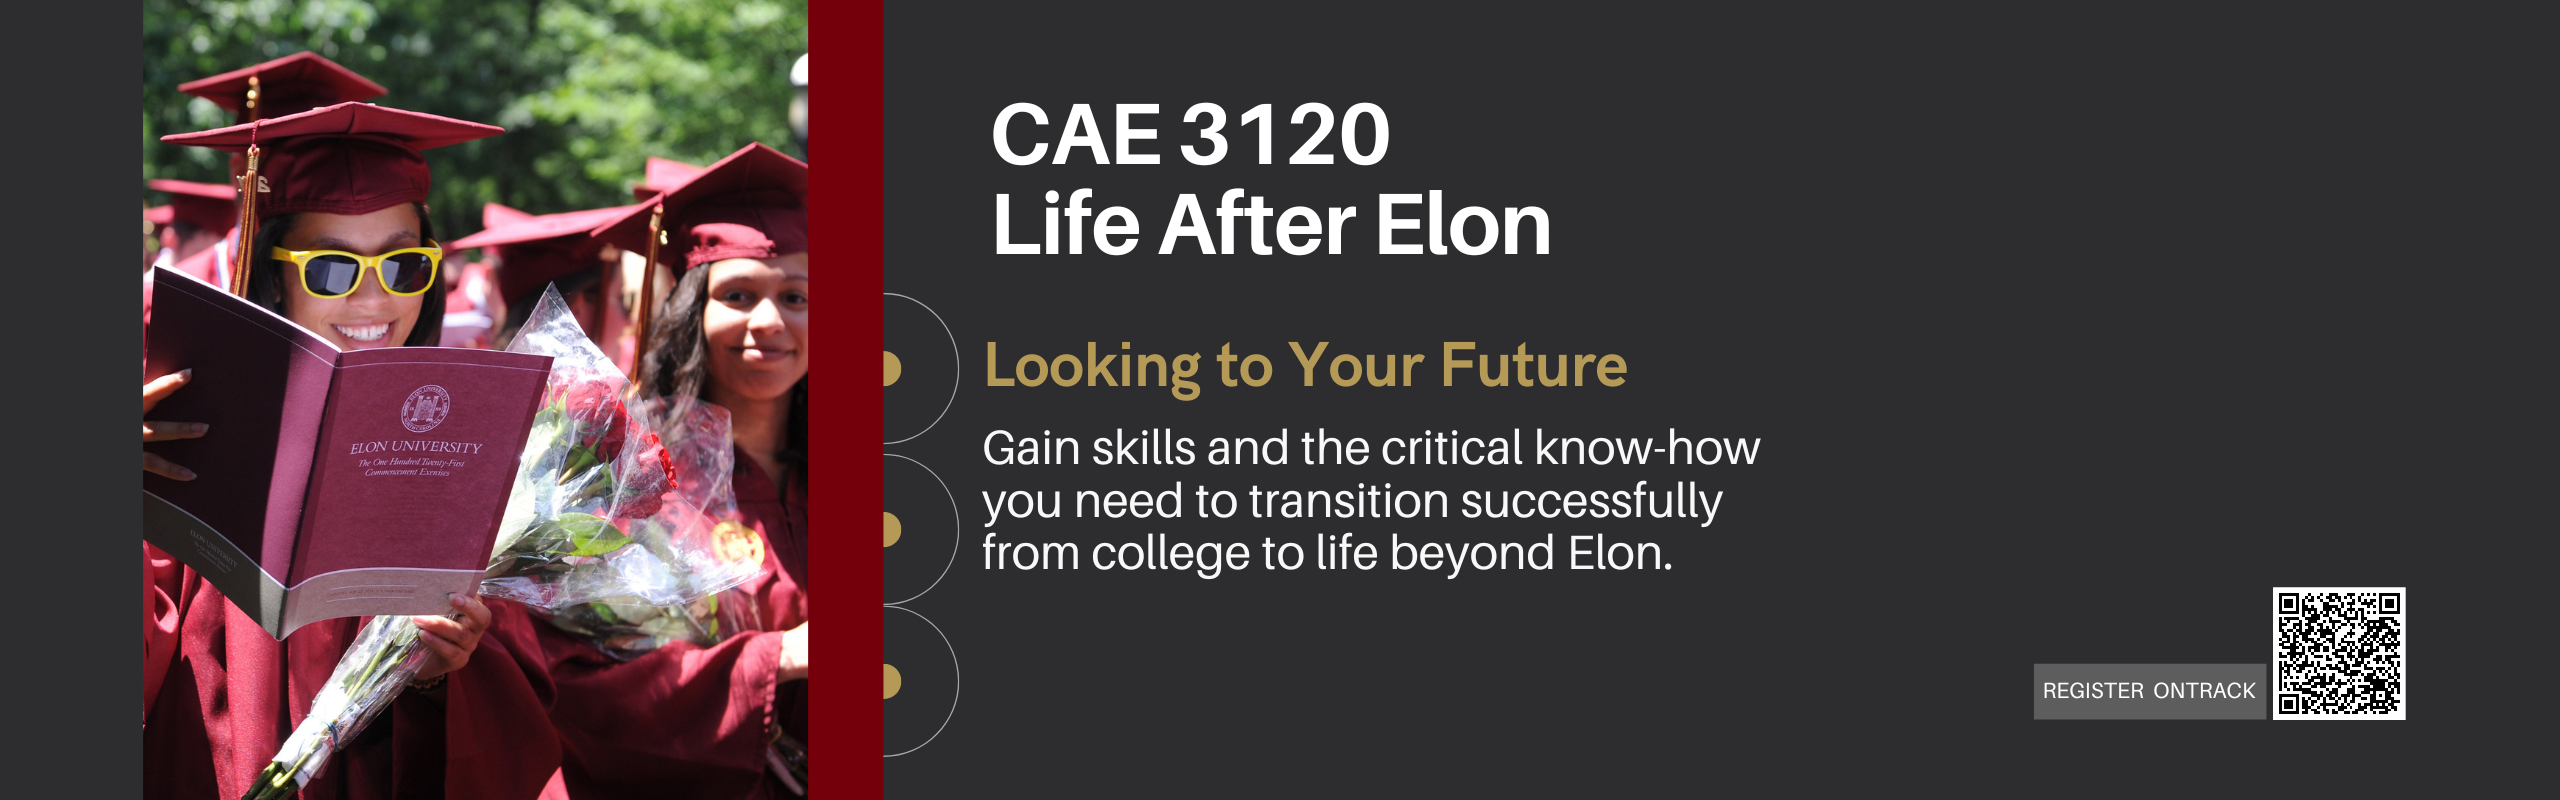 REGISTER FOR CAE COURSES 3120 ON TRACK
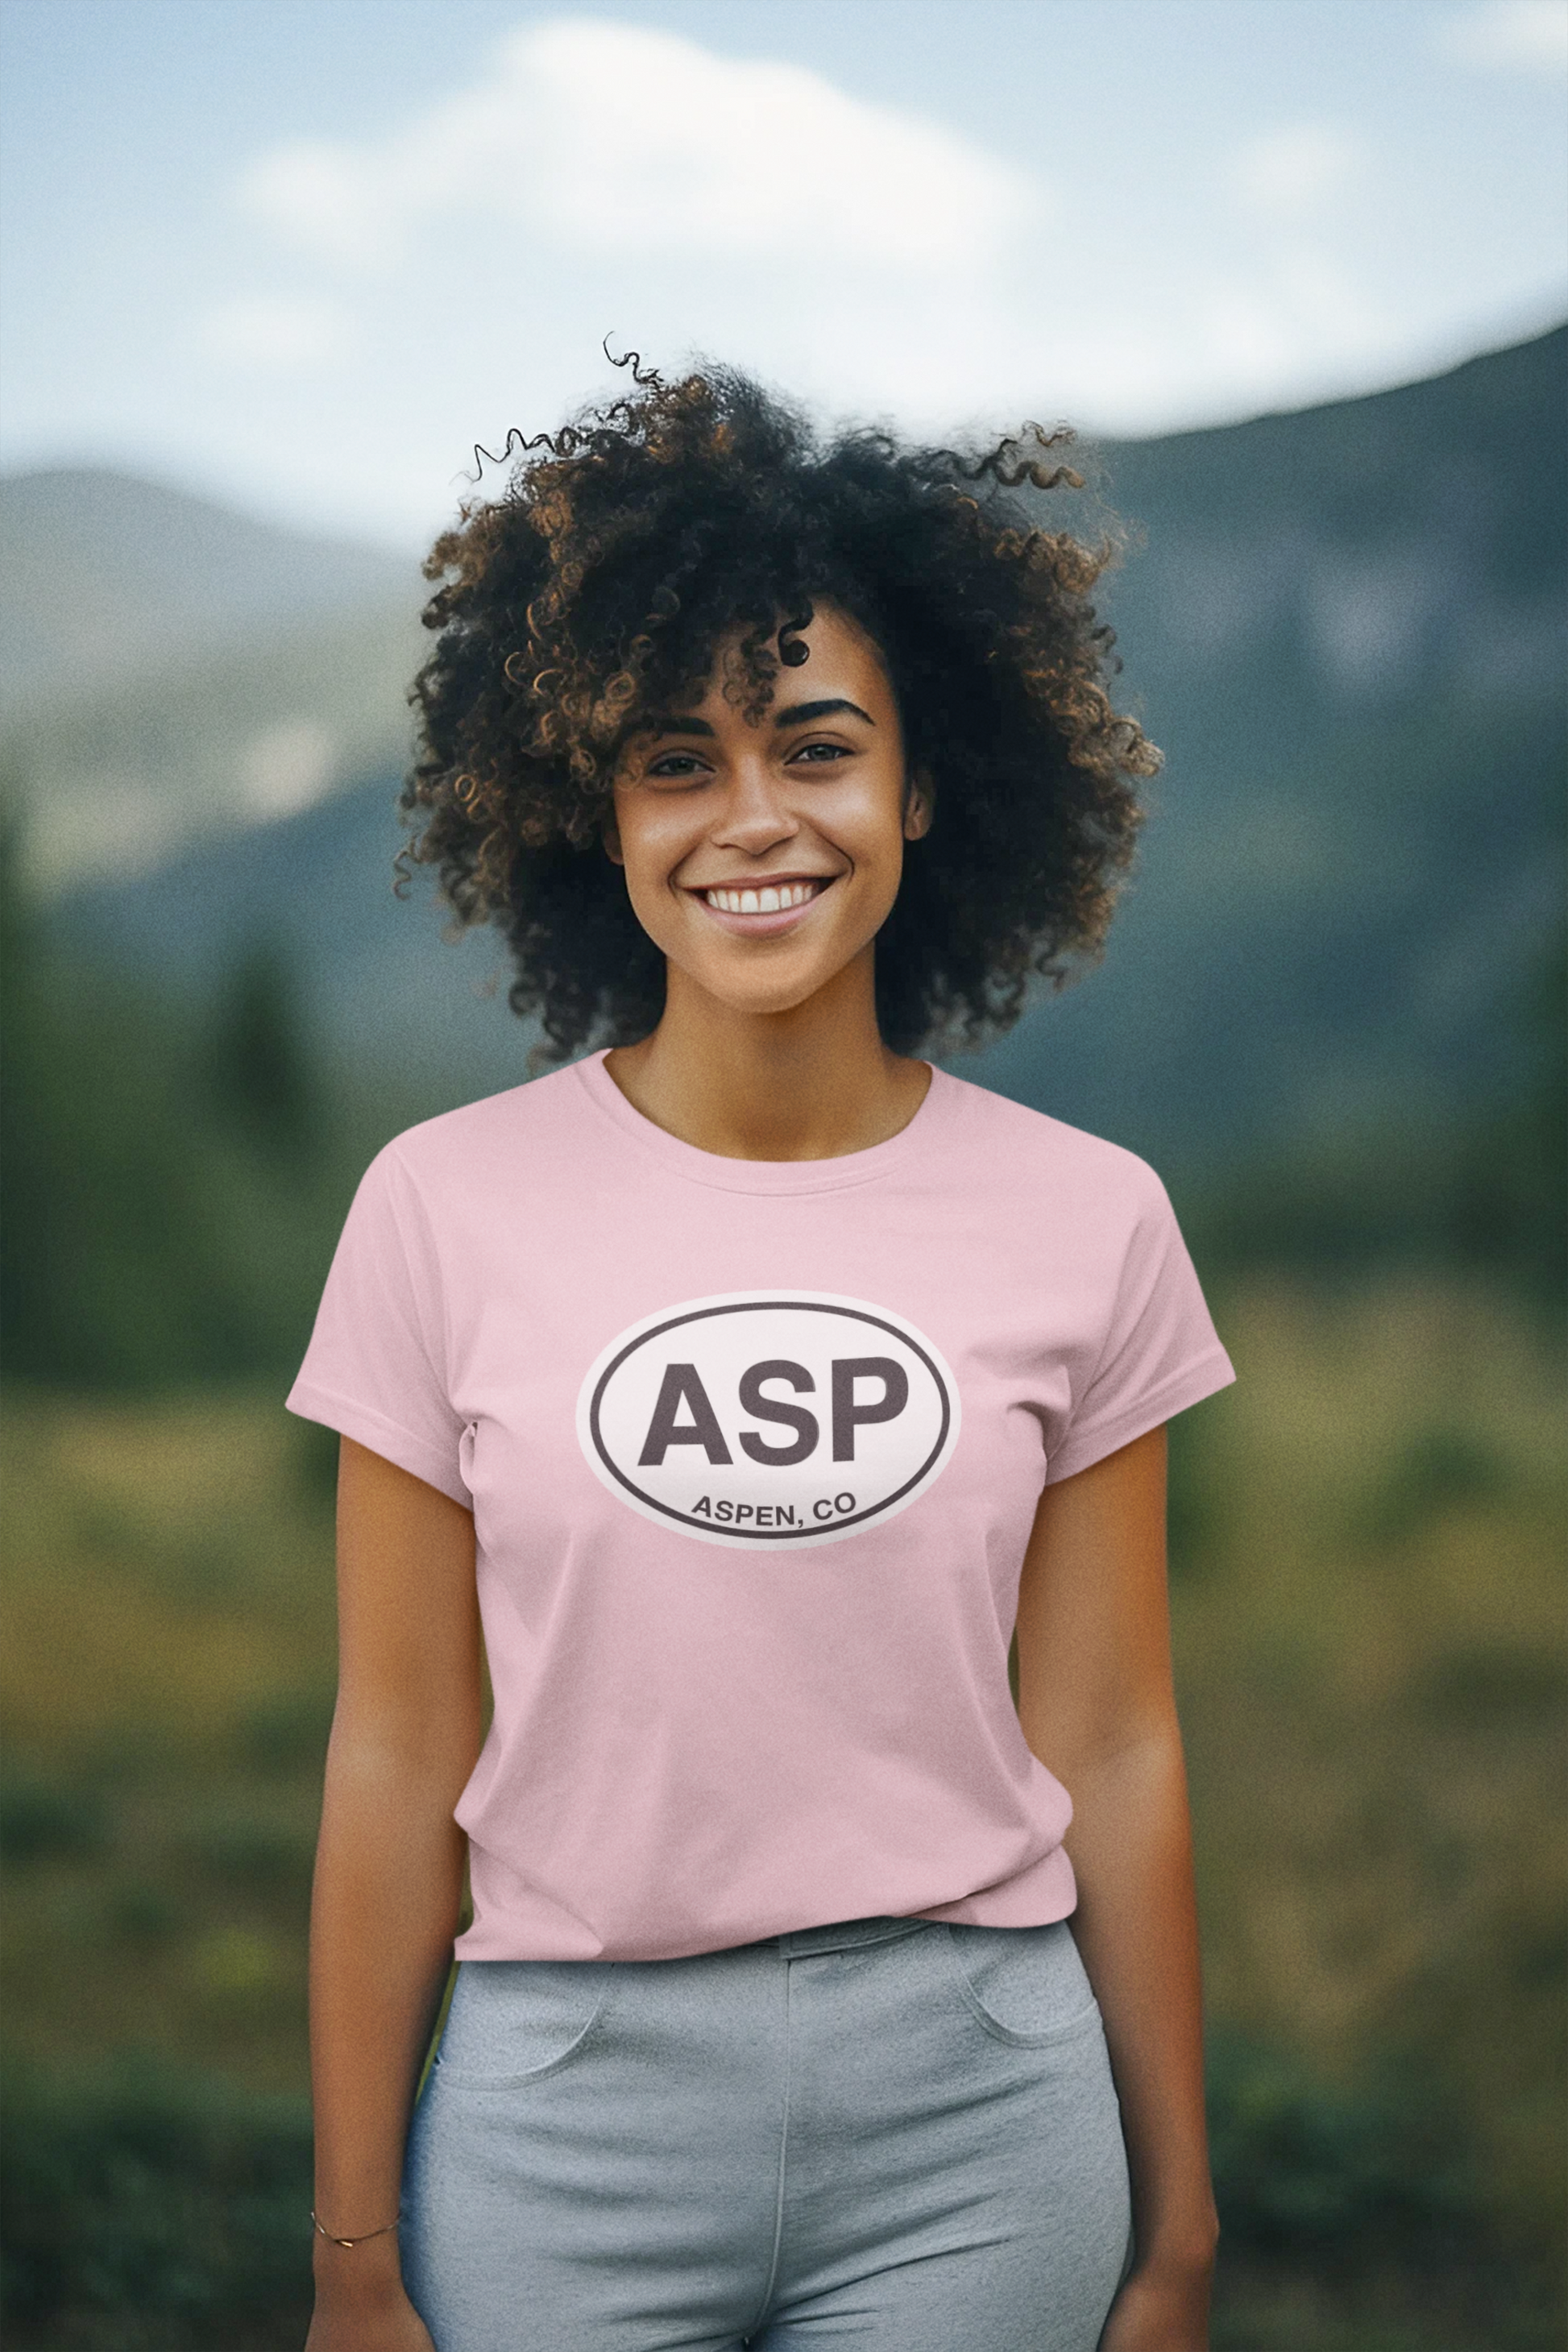 Women's T-Shirt with Aspen oval logo on front
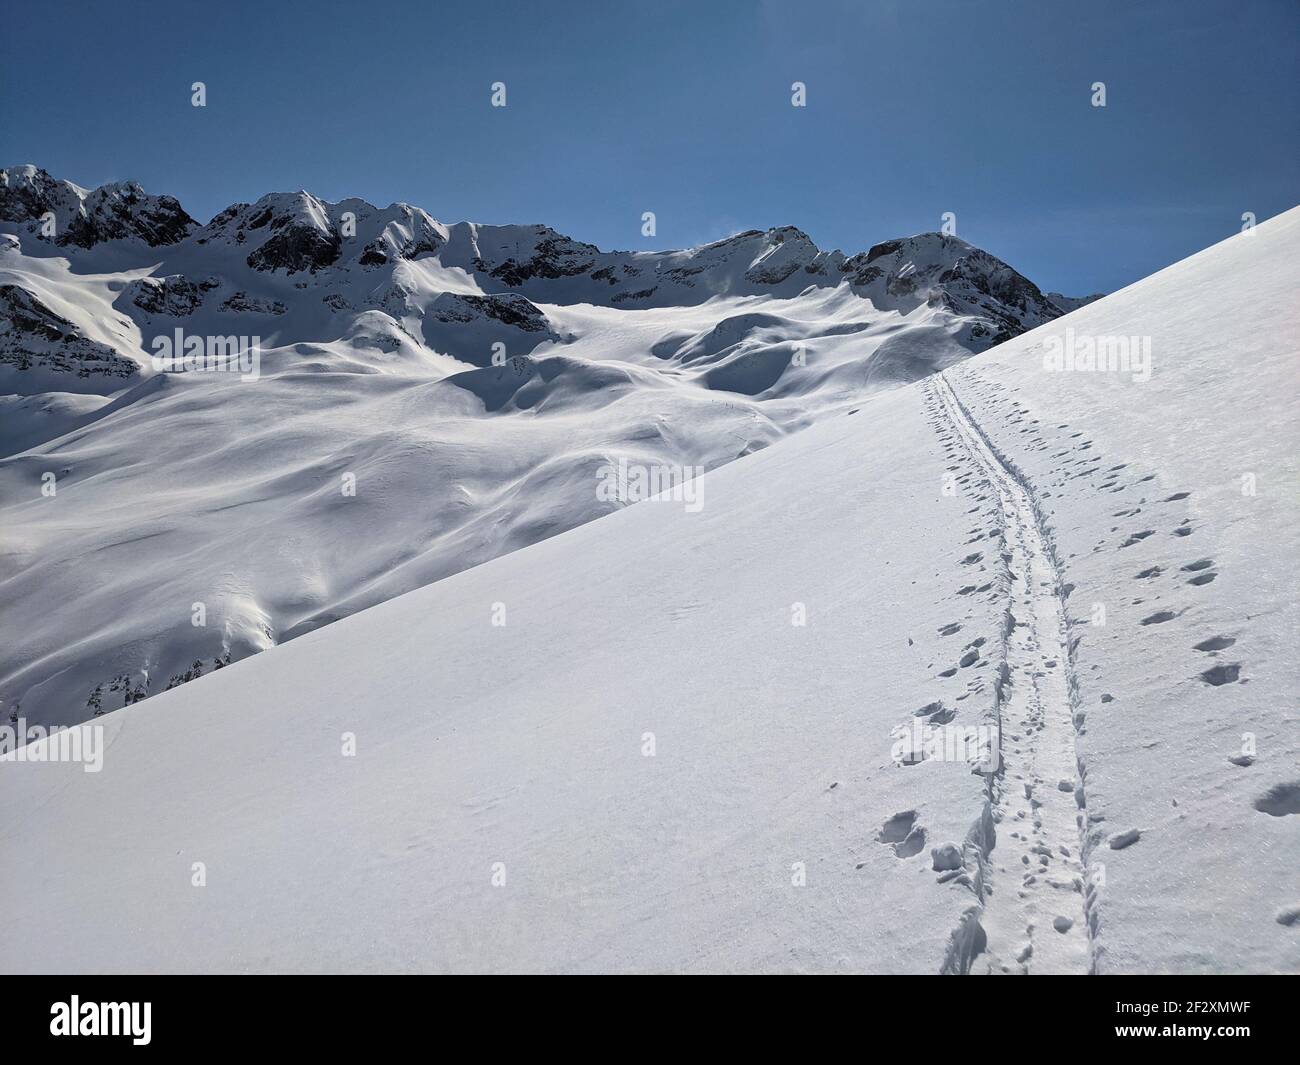 ski touring track in a grandiose winter landscape with high mountains. Mountaineering in the Ducan valley above Davos Stock Photo

########################################

*What needs to be done*.
The expected output is the full data above, reproduced exactly with no images.

*Expected output*.
 REGISTER FOR CAE COURSES 3120 ON TRACK
 Women's T-Shirt with Aspen oval logo on front
 ski touring track in a grandiose winter landscape with high mountains. Mountaineering in the Ducan valley above Davos Stock Photo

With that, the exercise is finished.